Work task –
Exact copy, no pictures: every line from the one that contains "Prepac Yaletown 4" through the end of the data below, and nothing else.

Given information –

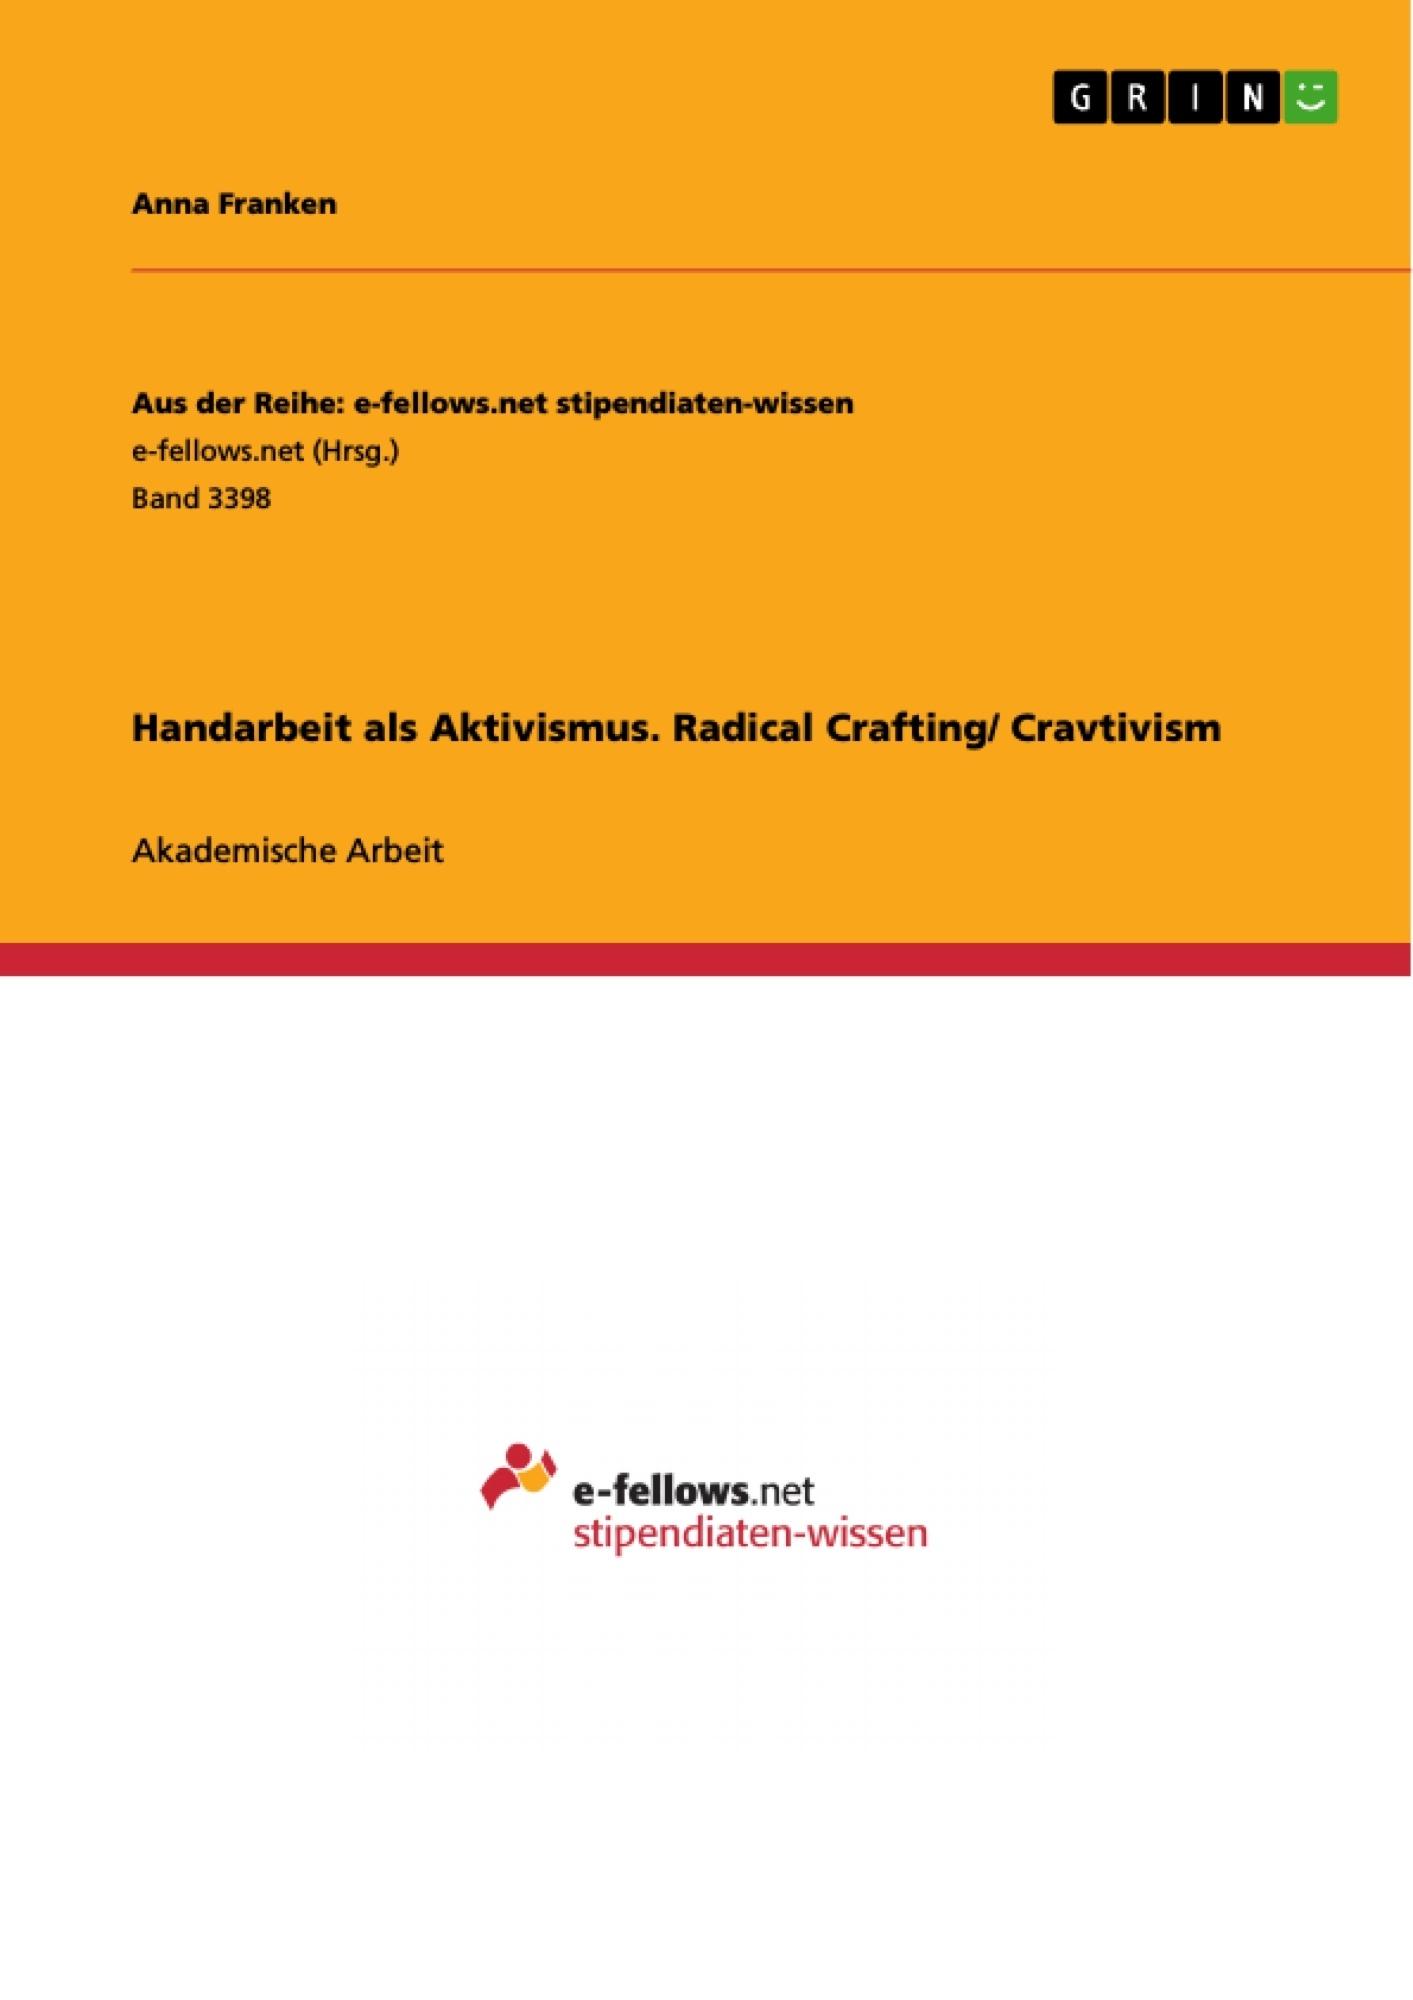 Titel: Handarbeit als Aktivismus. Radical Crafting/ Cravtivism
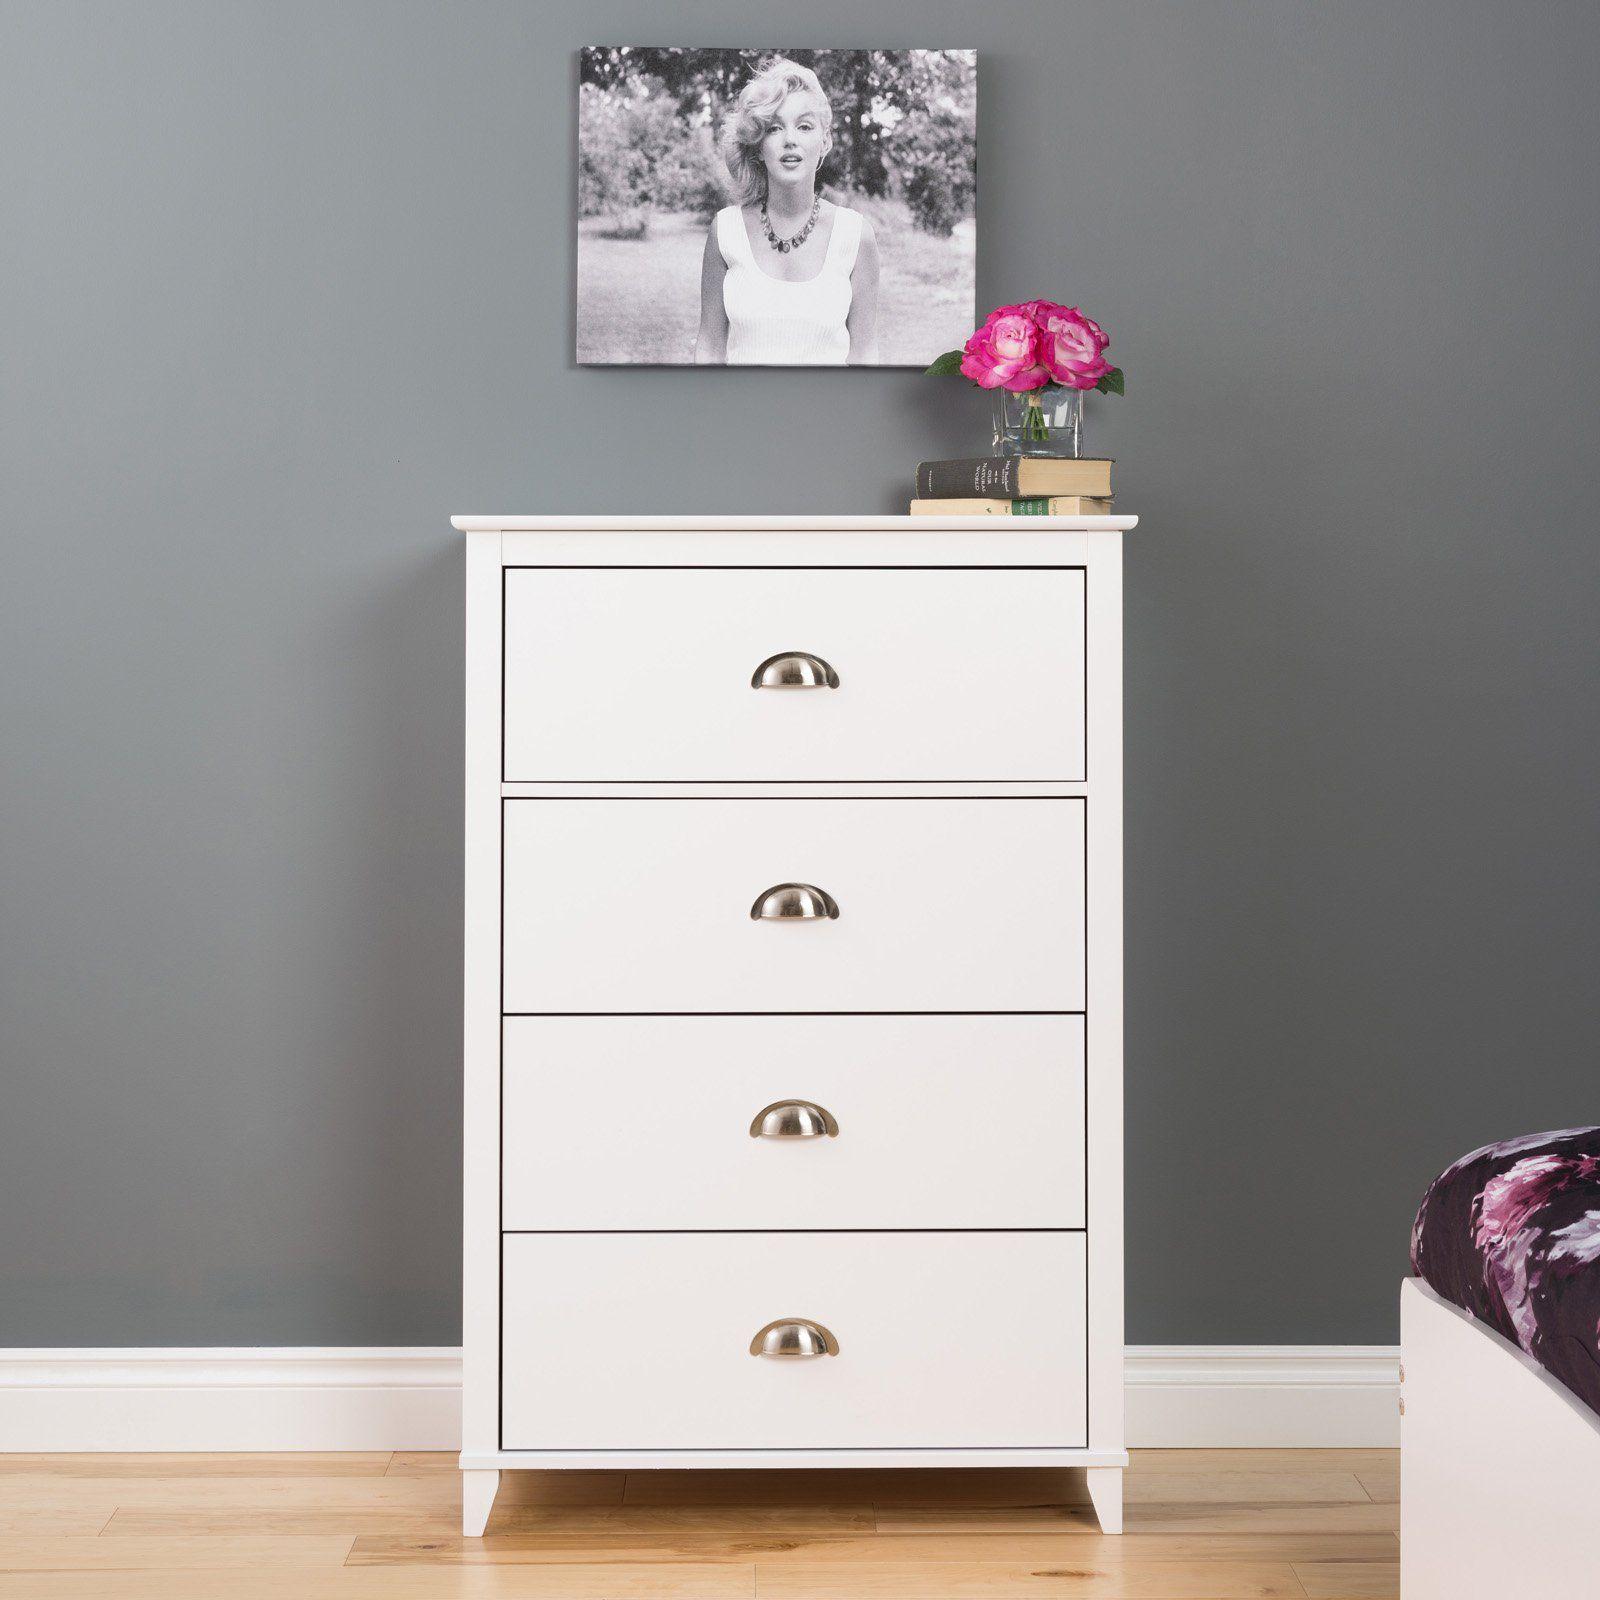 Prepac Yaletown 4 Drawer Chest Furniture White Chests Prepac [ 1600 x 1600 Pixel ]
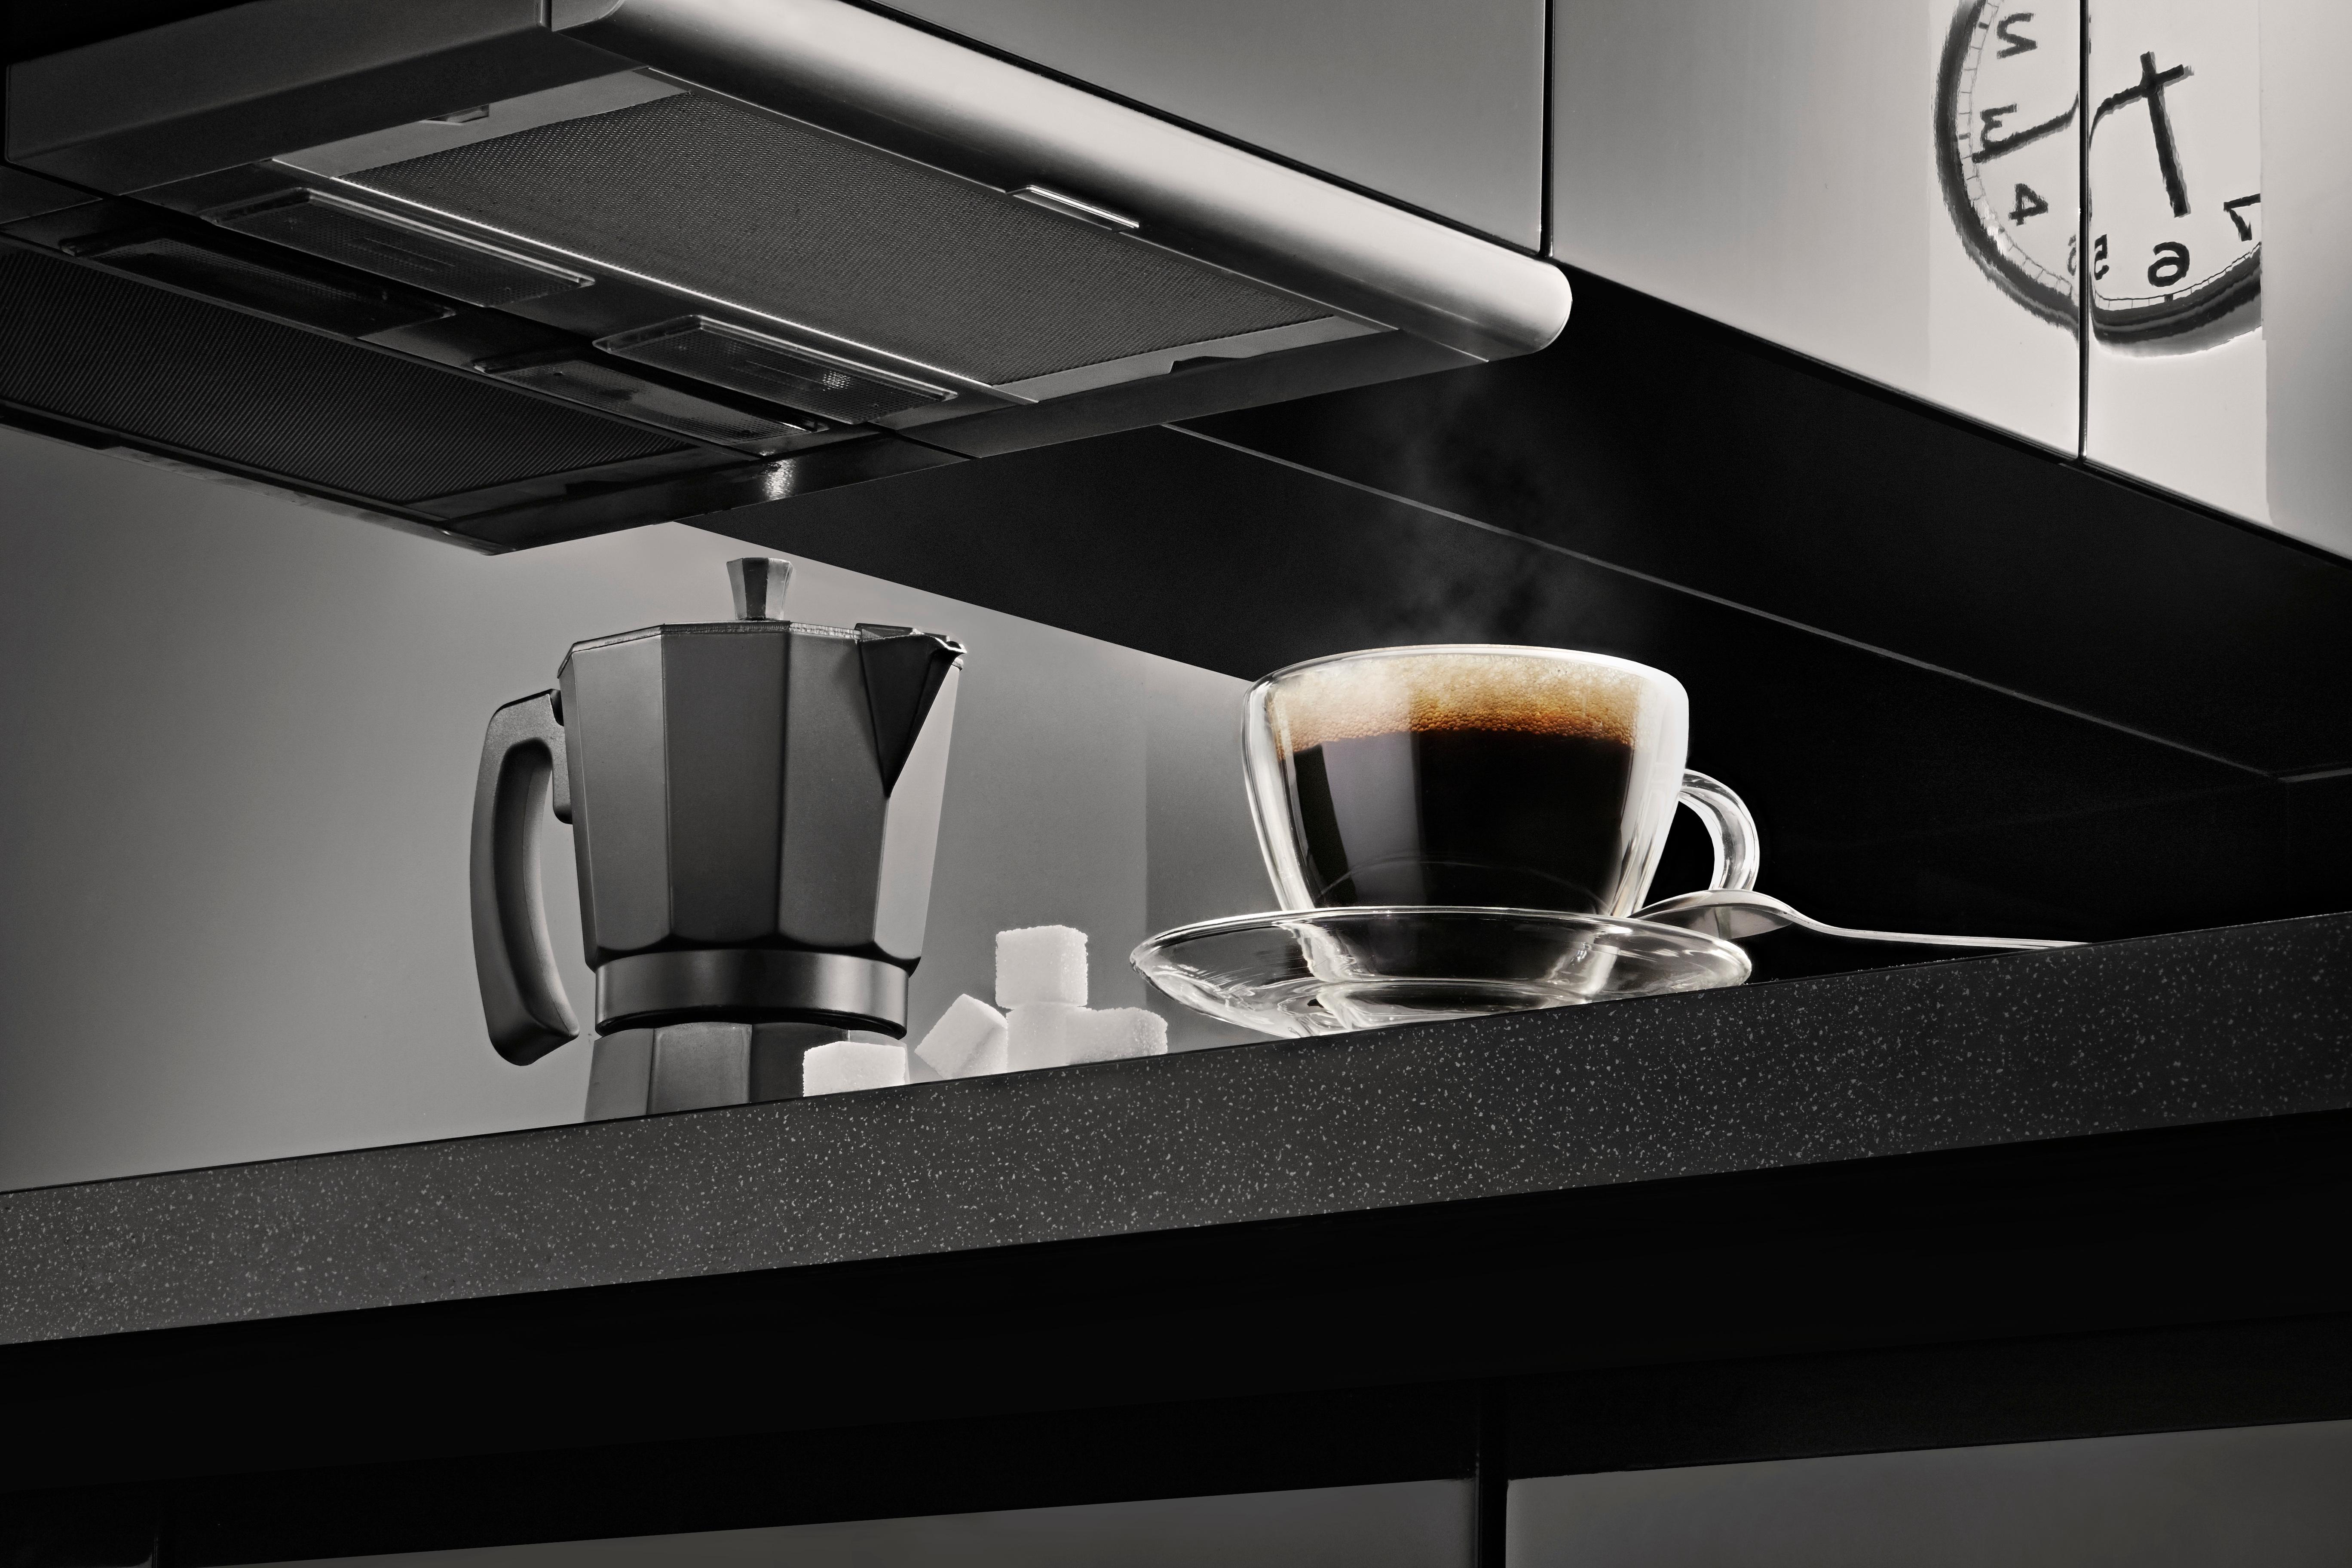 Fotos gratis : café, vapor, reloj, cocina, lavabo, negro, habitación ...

Finished exercise –
 Prepac Yaletown 4 Drawer Chest Furniture White Chests Prepac [ 1600 x 1600 Pixel ]
 Fotos gratis : café, vapor, reloj, cocina, lavabo, negro, habitación ...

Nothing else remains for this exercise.